Materials adapted from Adrien Osakwe, Larisa M. Soto and Xiaoqi Xie.

1. For Loop

A For Loop is used when you know exactly how many times you want to repeat a task. You are “iterating” over a sequence (like a vector or a list).

The Logic (Pseudo-code):

Note

Think of a for loop like an assembly line. You have a box of items (a vector or list), and you pick them up one by one, do something to them, and set them aside until the box is empty.

for (EACH_ITEM in UR_COLLECTION) {
    # 1. Take the current ITEM
    # 2. Perform the ACTION (e.g., calculate its square root)
    # 3. Move to the next ITEM automatically
}

# STOP: The loop ends automatically when the COLLECTION is empty

Example: Counting

# Iterate through the numbers 1 to 10
for (i in 1:10) {
  print(i)
}
[1] 1
[1] 2
[1] 3
[1] 4
[1] 5
[1] 6
[1] 7
[1] 8
[1] 9
[1] 10

Example: Processing Strings

# Iterate through a character vector
x <- c('a', 'ab', 'cab', 'taxi')

for (word in x) {
  print(word)
}
[1] "a"
[1] "ab"
[1] "cab"
[1] "taxi"
Tip

The i or word in the code above is just a placeholder (an “iterator”). You can name it anything you want, but using descriptive names like gene or sample makes your code much easier to read!

2. While Loop

A While Loop is more flexible but also more “dangerous.” It repeats a task as long as a certain condition remains TRUE.

You use this when you don’t know exactly how many iterations you need, but you know when you want to stop.

The Logic (Pseudo-code):

Note

Think of a while loop like a security guard at a gate. The guard checks the condition before letting the code inside. If the condition is still true, the code runs, and then it goes back to the guard to check again.

WHILE (condition is TRUE) {
    1. Perform the ACTION (e.g., print a value or do math)
    2. UPDATE the variables involved in the condition 
       (If you don't update them, the loop runs forever!)
}
# STOP: The loop ends automatically when the condition becomes FALSE

Example:

x <- 5

# While x is greater than 0, keep running
while (x > 0) {
  print(x)
  # Crucial: you must change x, or the loop will run forever!
  x <- x - 1
}
[1] 5
[1] 4
[1] 3
[1] 2
[1] 1
CautionA Cautionary Note on While Loops

If your condition in a while loop never becomes FALSE (for example, if you forgot to write x <- x - 1), you create an Infinite Loop.

This will cause R to hang or crash.
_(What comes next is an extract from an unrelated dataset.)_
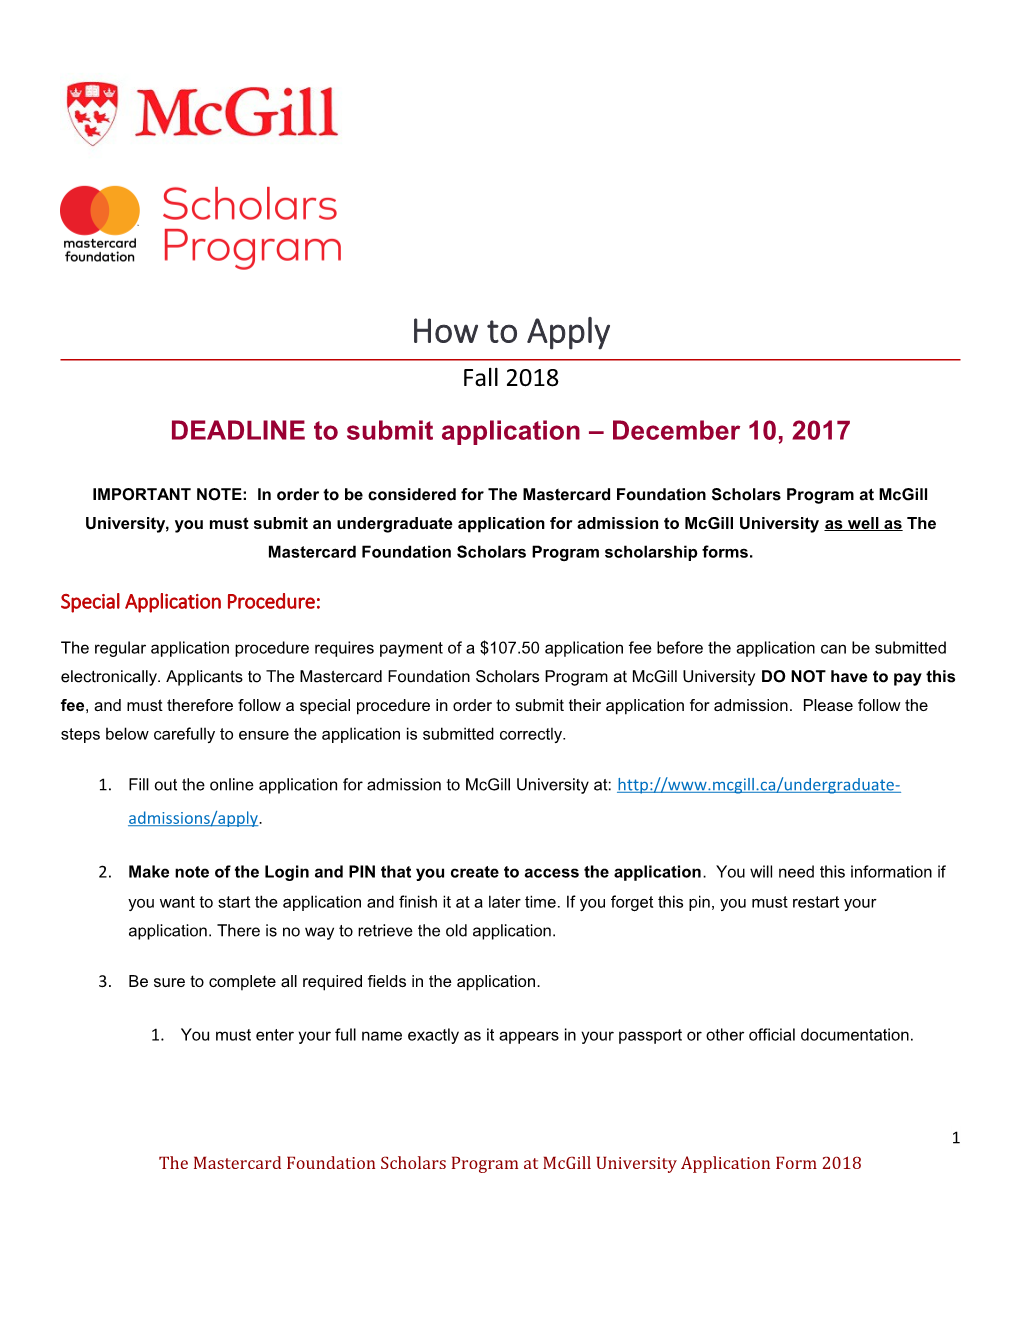 DEADLINE to Submit Application December 10, 2017

If this happens, look for the red “Stop” icon in the top-right of your RStudio Console to break the loop!

3. Comparison of Iteration Methods

In R, we often prefer Vectorized functions (the “Apply” family) over for loops because they are usually faster and require less code.

Method Best Use Case Output Type
for loop Complex logic with many steps. Whatever you define.
while loop Simulations or tasks with unknown end-points. Whatever you define.
lapply Applying a function to every element of a list/vector. List
sapply Same as lapply, but tries to “simplify” the result. Vector or Matrix

4. The “Apply” Family (lapply and sapply)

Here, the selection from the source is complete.